Séminaire de Géométrie Tropicale
Mercredi 27 novembre, 16h15 salle 1525-502
Tropical Plücker functions and Kashiwara crystals
Résumé :
A finite Kashiwara crystal is a finite
edge-colored digraph (directed graph) in which each connected monochromatic
subgraph is a simple path and there are certain interrelations on the lengths
of such paths, described via coefficients of a Cartan matrix
(features of this matrix characterize the crystal type).
Crystals are of importance in representation theory.
I will explain a new model for free n-colored crystals of
type A: the vertices of the free crystal graph are identified with
integer-valued tropical Pl\"ucker functions on
the n-dimensional Boolean cube and the edges of color i (yielding the
crystal operation $\mathbf i$), i=1,...,n, are defined by use of the
restriction of TP-functions to a rhombus tiling which is adapted to this color.

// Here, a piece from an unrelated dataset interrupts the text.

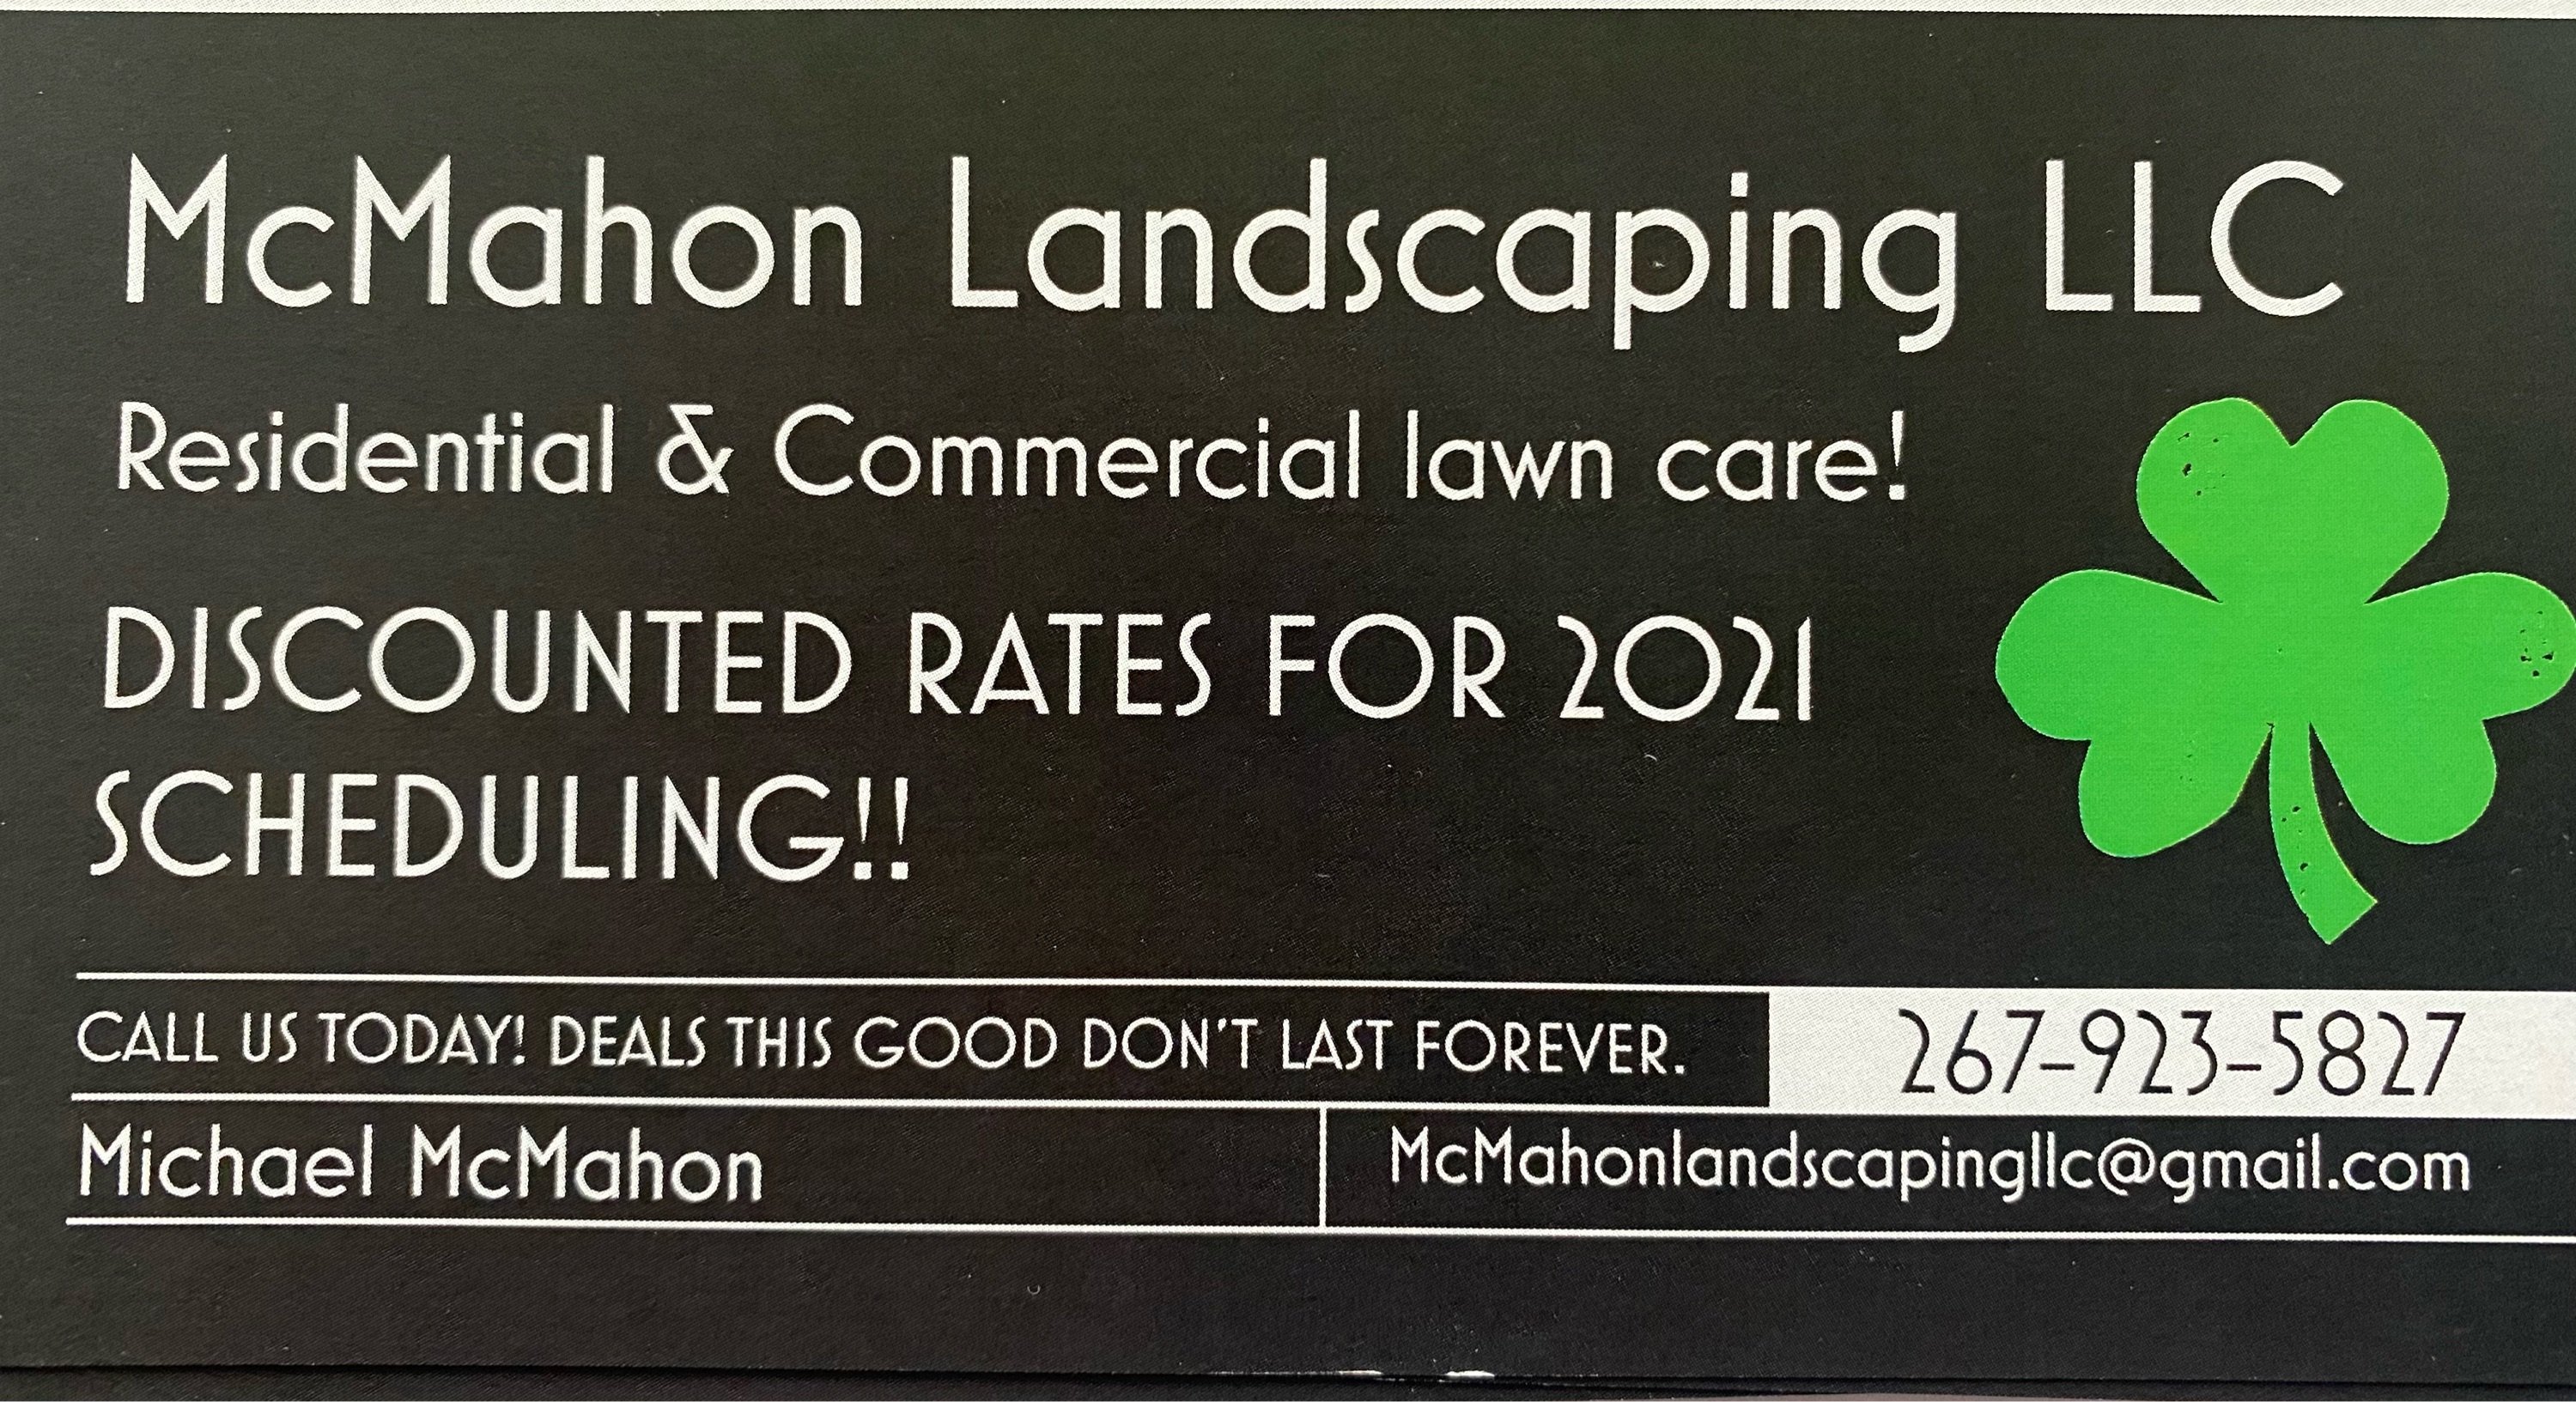 McMahon Landscaping LLC. - Ana Sayfa  Facebook Logo

The subgraph whose vertices correspond to the submodular
TP-functions is isomorphic to the Kashiwara crystal graph B(\infty) which serves a
`combinatorial skeleton' of the canonical basis introduced by
Lusztig.
This model of A-type crystals is symmetric with respect to the inversion of
colors. This allows us to get a transparent construction of crystals (free
crystals) of types B and C by considering the corresponding symmetric
TP-functions and rhombus tilings.
This is a joint work with V.Danilov and A.Karzanov